Predict step: x = A @ x, P = A @ P @ A^T + Q.

Source code in src/sc_neurocore/control/controllers.py

def predict(self) -> np.ndarray:
    """Predict step: x = A @ x, P = A @ P @ A^T + Q."""
    self.x = self.A @ self.x
    self.P = self.A @ self.P @ self.A.T + self.Q
    return self.x.copy()

update(z)

Update step with measurement z.

Source code in src/sc_neurocore/control/controllers.py

def update(self, z: np.ndarray) -> np.ndarray:
    """Update step with measurement z."""
    S = self.H @ self.P @ self.H.T + self.R
    K = self.P @ self.H.T @ np.linalg.inv(S)
    innovation = z - self.H @ self.x
    self.x = self.x + K @ innovation
    self.P = (np.eye(self.n_states) - K @ self.H) @ self.P
    return self.x.copy()

step(z)

Predict + update in one call.

Source code in src/sc_neurocore/control/controllers.py

def step(self, z: np.ndarray) -> np.ndarray:
    """Predict + update in one call."""
    self.predict()
    return self.update(z)

SpikingLQR

Spike-domain Linear Quadratic Regulator.

Computes optimal gain K from system matrices (A, B, Q, R). Control law: u = -K @ x. Weights derived analytically.

Parameters

A : ndarray (n, n) — state transition B : ndarray (n, m) — control input Q : ndarray (n, n) — state cost R : ndarray (m, m) — control cost

Source code in src/sc_neurocore/control/controllers.py

class SpikingLQR:
    """Spike-domain Linear Quadratic Regulator.

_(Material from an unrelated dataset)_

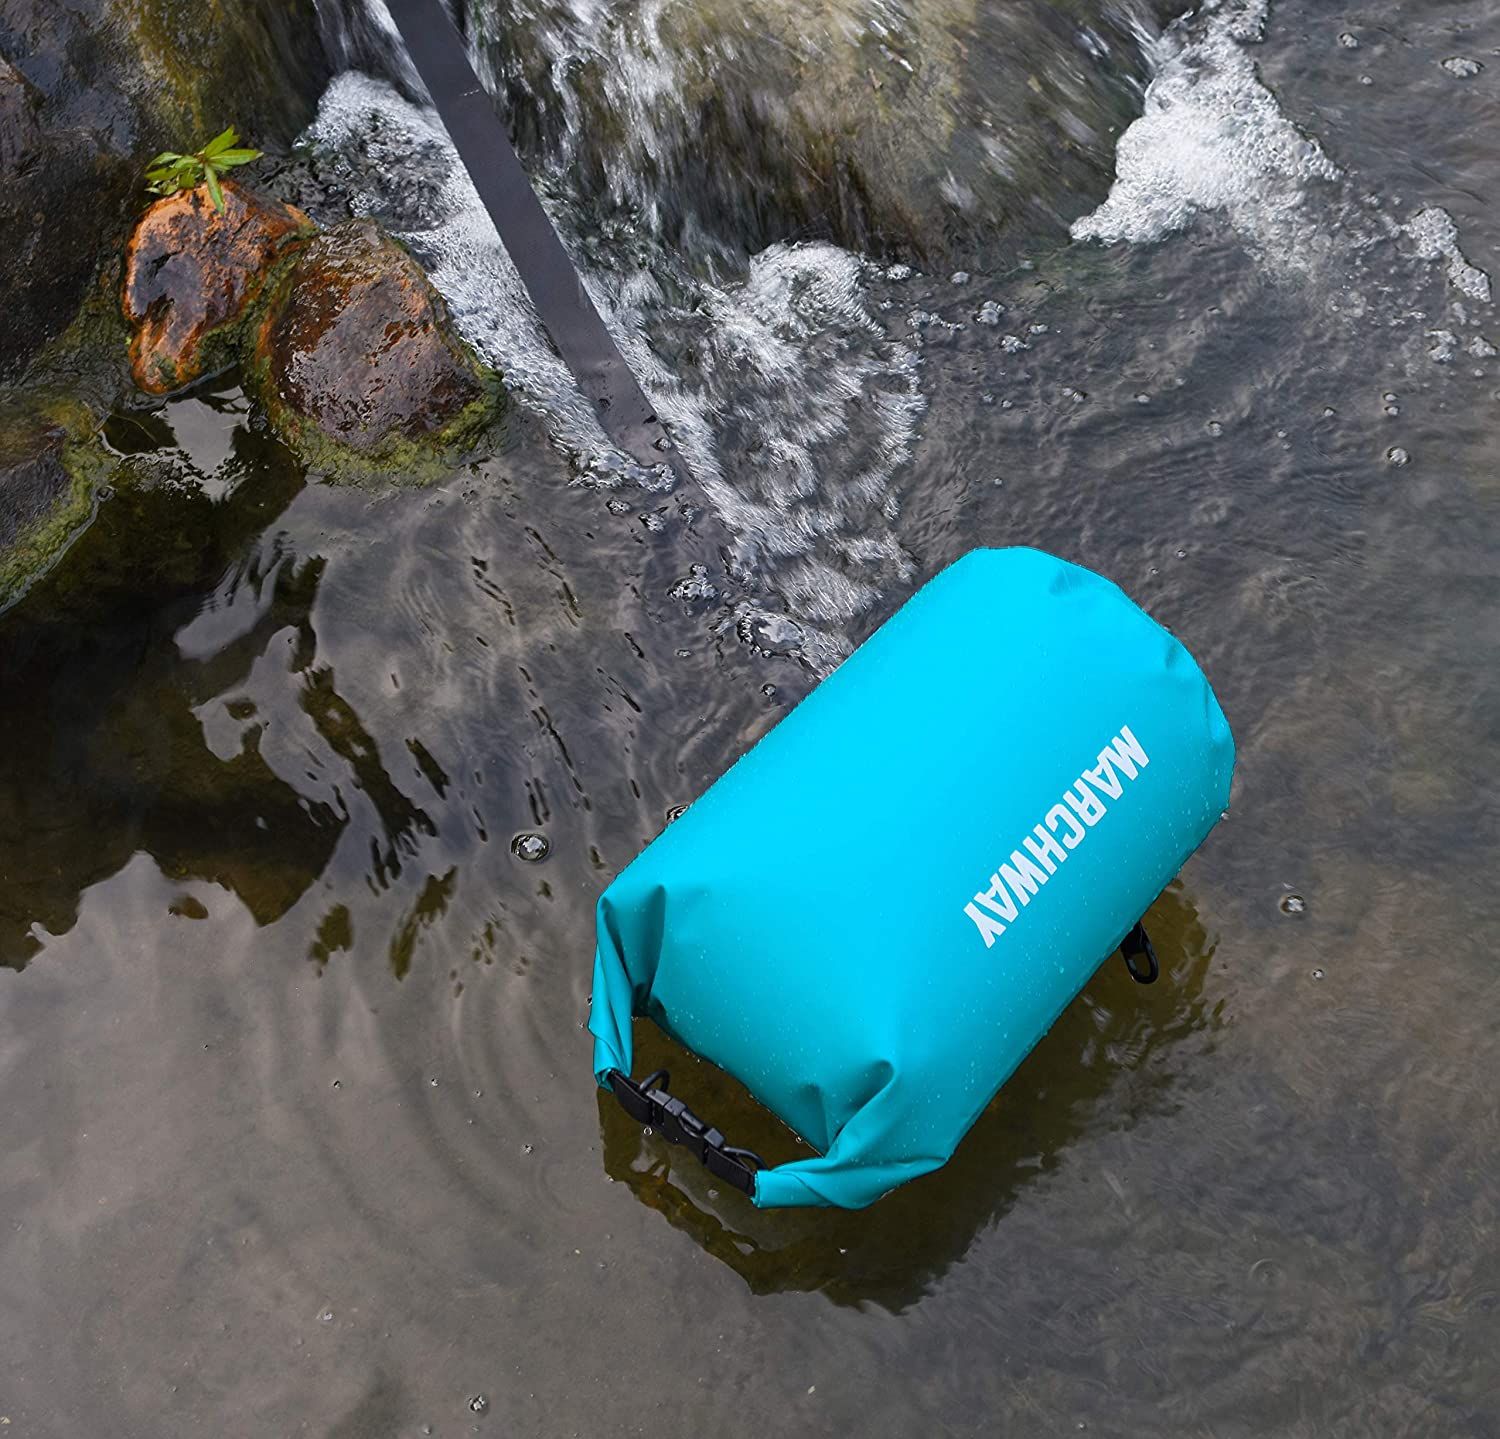 A teal dry bag closed and floating on a stream

    Computes optimal gain K from system matrices (A, B, Q, R).
    Control law: u = -K @ x. Weights derived analytically.

    Parameters
    ----------
    A : ndarray (n, n) — state transition
    B : ndarray (n, m) — control input
    Q : ndarray (n, n) — state cost
    R : ndarray (m, m) — control cost
    """

    def __init__(
        self, A: np.ndarray, B: np.ndarray, Q: np.ndarray | None = None, R: np.ndarray | None = None
    ):
        n = A.shape[0]
        m = B.shape[1]
        self.A = A
        self.B = B
        self.Q = Q if Q is not None else np.eye(n)
        self.R = R if R is not None else np.eye(m)
        self.K = self._solve_dare()

    def _solve_dare(self, max_iter: int = 200) -> np.ndarray:
        """Solve discrete algebraic Riccati equation iteratively."""
        P = self.Q.copy()
        for _ in range(max_iter):
            K = np.linalg.solve(
                self.R + self.B.T @ P @ self.B,
                self.B.T @ P @ self.A,
            )
            P_new = self.Q + self.A.T @ P @ (self.A - self.B @ K)
            if np.allclose(P, P_new, atol=1e-10):
                break
            P = P_new
        return np.linalg.solve(
            self.R + self.B.T @ P @ self.B,
            self.B.T @ P @ self.A,
        )

    def control(self, x: np.ndarray) -> np.ndarray:
        """Compute optimal control: u = -K @ x."""
        return -self.K @ x

    @property
    def gain_matrix(self) -> np.ndarray:
        return self.K.copy()

control(x)

Compute optimal control: u = -K @ x.

Source code in src/sc_neurocore/control/controllers.py

def control(self, x: np.ndarray) -> np.ndarray:
    """Compute optimal control: u = -K @ x."""
    return -self.K @ x